FANCD2-associated nuclease 1, but not exonuclease 1 or flap endonuclease 1, is able to unhook DNA interstrand cross-links in vitro

Abstract

Cisplatin and its derivatives, nitrogen mustards and mitomycin C, are used widely in cancer chemotherapy. Their efficacy is linked primarily to their ability to generate DNA interstrand cross-links (ICLs), which effectively block the progression of transcription and replication machineries. Release of this block, referred to as unhooking, has been postulated to require endonucleases that incise one strand of the duplex on either side of the ICL. Here we investigated how the 5' flap nucleases FANCD2-associated nuclease 1 (FAN1), exonuclease 1 (EXO1), and flap endonuclease 1 (FEN1) process a substrate reminiscent of a replication fork arrested at an ICL. We now show that EXO1 and FEN1 cleaved the substrate at the boundary between the single-stranded 5' flap and the duplex, whereas FAN1 incised it three to four nucleotides in the double-stranded region. This affected the outcome of processing of a substrate containing a nitrogen mustard-like ICL two nucleotides in the duplex region because FAN1, unlike EXO1 and FEN1, incised the substrate predominantly beyond the ICL and, therefore, failed to release the 5' flap. We also show that FAN1 was able to degrade a linear ICL substrate.

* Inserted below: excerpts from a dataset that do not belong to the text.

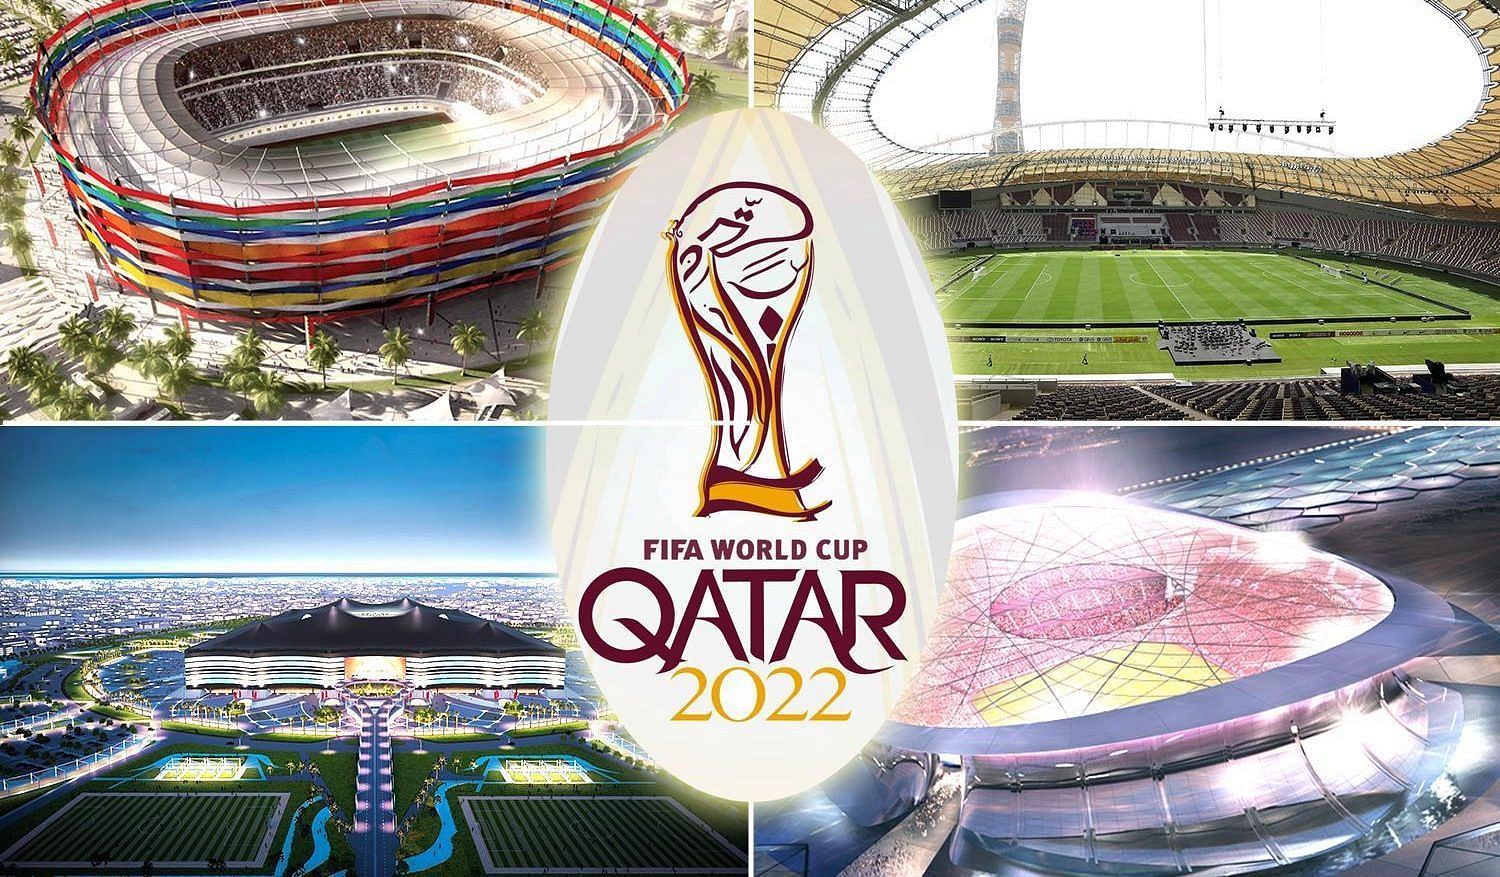 साल का सबसे बड़ा खेल आयोजन फुटबॉल विश्व कप के रूप में कतर में होगा।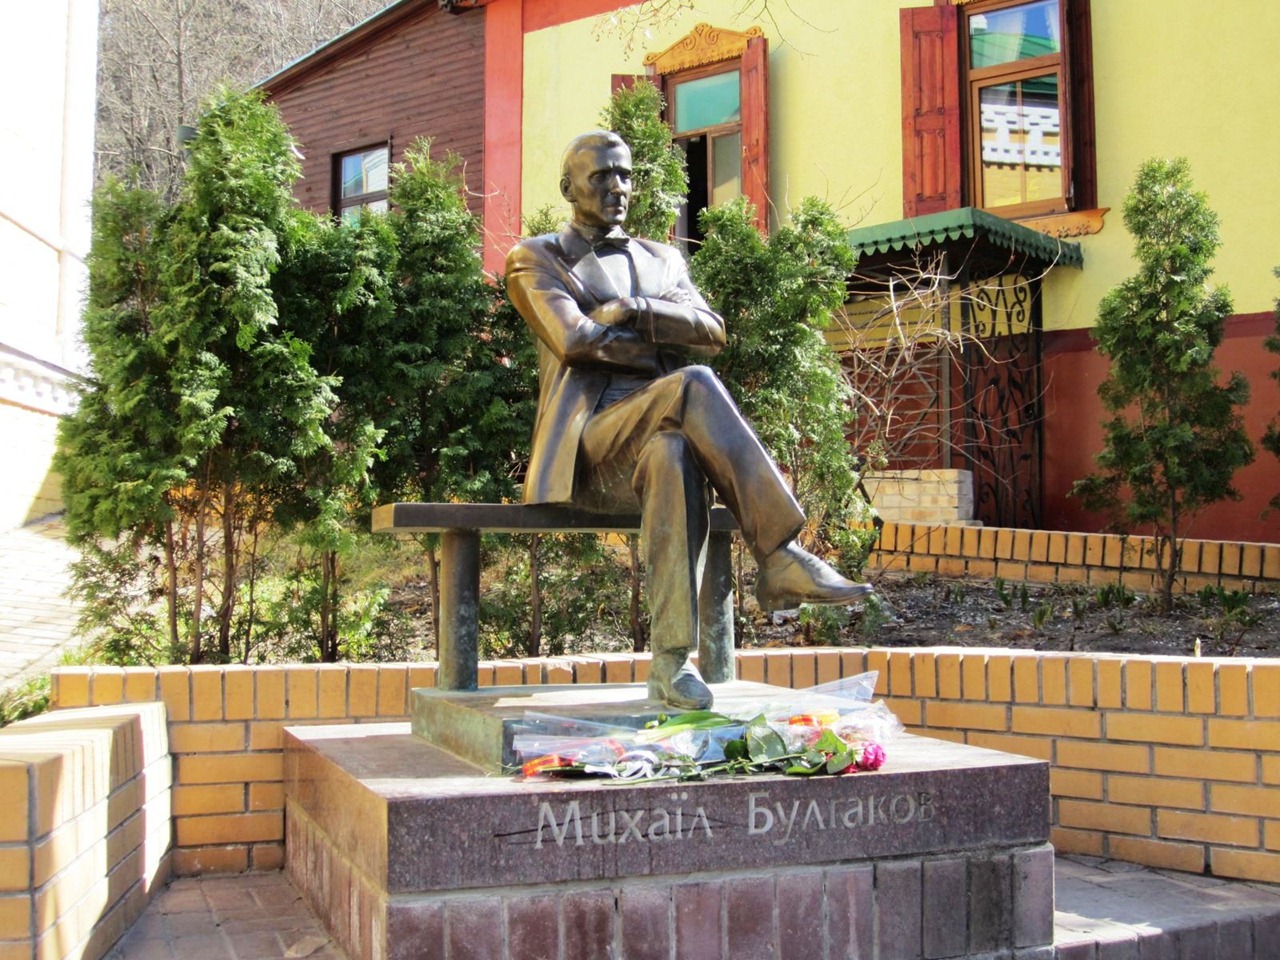 Памятник Булгакову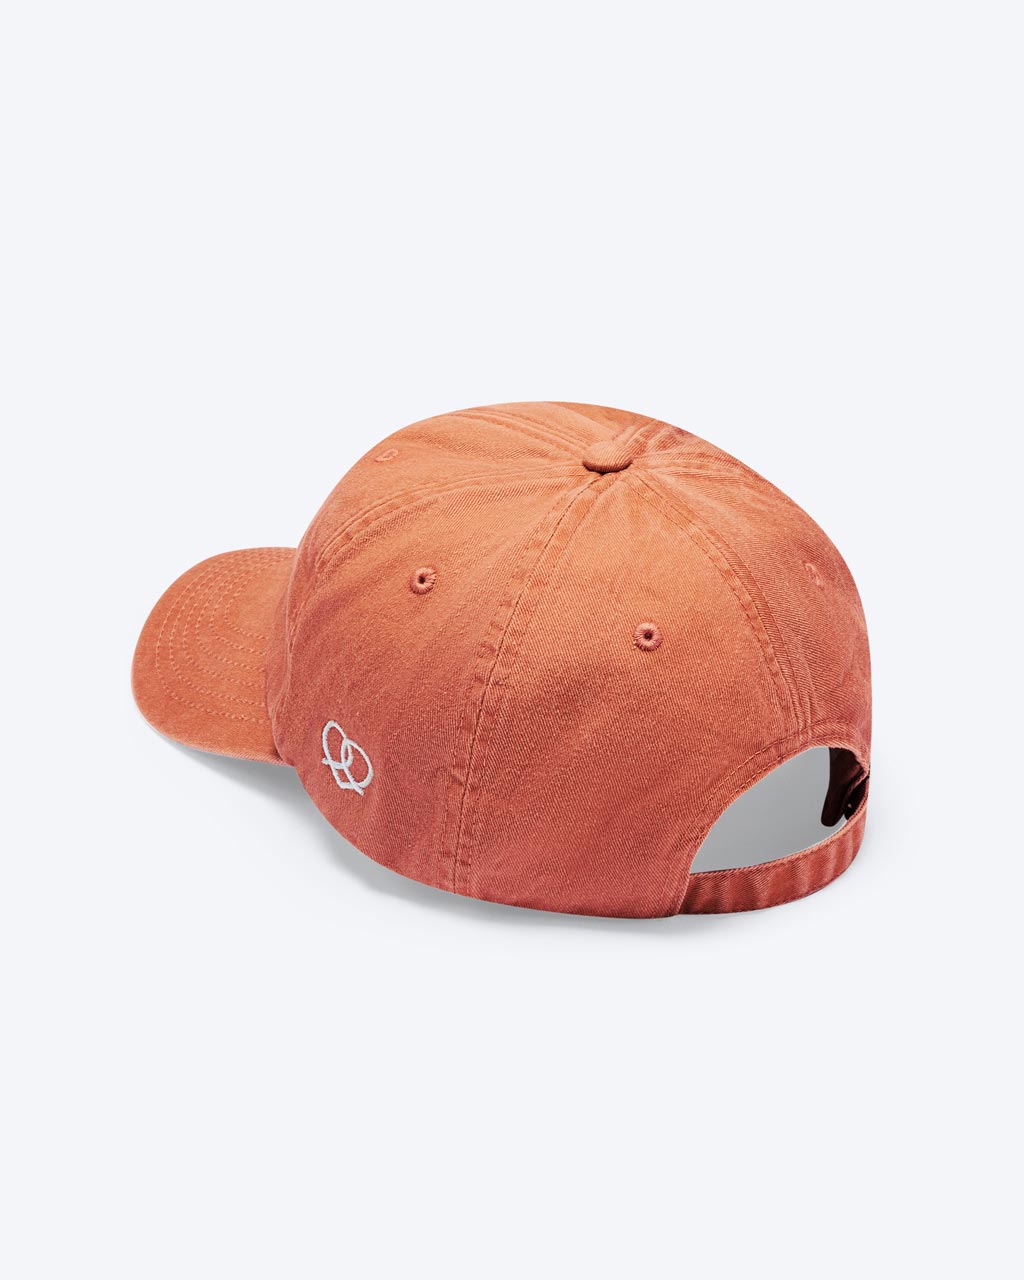 Eine Vintage orange bayerische Cap mit einem Herz-Brezn Logo an der Seite der Cap zu erkennen.

This ability of FAN1 to traverse ICLs in DNA could help to elucidate its biological function, which is currently unknown.

Keywords: DNA damage; DNA endonuclease; DNA repair; DNA-protein interaction; enzyme mechanism; exonuclease; interstrand cross-links.

FIGURE 1.

Comparison of 5′ flap endonuclease activities and the specificities of FAN1, EXO1, and FEN1. A, schematic representation of the DNA substrates used in this study. The unmodified flap substrates (left panel) were generated as described under “Experimental Procedures,” and the labeling of the flap substrates with a nitrogen mustard-like interstrand cross-link (right panel, cross-link shown in red) resulted primarily, but not exclusively, in the labeling of the I strand. The likely products generated by the above enzymes from these substrates are also shown. Red asterisks indicate the positions of the ³²P-labeled 5′ phosphates. Fragments invisible on the autoradiograph are shown in gray. Dashed lines represent regions of exonucleolytic degradation. nt, nucleotides. B–D, product generated upon incubation of the substrates shown above the panels with FAN1 (B), EXO1 (C), and FEN1 (D). Aliquots were withdrawn at 0, 10 s, 2 min, 20 min, 40 min, and 80 min (B, lanes 1–6 and 7–12, respectively) or at 0, 10 s, 1 min, 10 min, 20 min, and 40 min (C and D, lanes 1–6 and 7–12, respectively). The protein-to-DNA ratios were 1:1 for FAN1 and EXO1 and 1:2 for FEN1. M, low molecular weight marker (Affymetrix). The oligonucleotide sizes are indicated on the left, and the position of the cross-link is indicated by a black arrowhead. The lowercase letters on the right correspond to the products in A. (Products b'–d' are seen solely in the reactions using the cross-linked substrate, in which both strands were labeled.) The black asterisk indicates the position of the non-cross-linked 35-mer oligonucleotide that was present in small amounts in the ICL substrate. The graphs below the autoradiographs of 20% denaturing polyacrylamide gels represent the quantification of either all product bands (total) or of only the bands indicated in red (arrowheads). The most prominent product bands in the reaction of FAN1 with the unmodified substrate resulted from incisions beyond the position of the ICL and are therefore not detectable in digestions of the cross-linked substrate. Error bars show mean ± S.D. (n = 3). E, comparative analysis of digestions of the indicated 5′ flap substrates by the three structure-specific endonucleases, including the nuclease-dead mutants of FAN1 (D960A) and EXO1 (D173N). DNA and proteins were all in equimolar ratios, and the reactions were carried out for 30 min at 37 °C.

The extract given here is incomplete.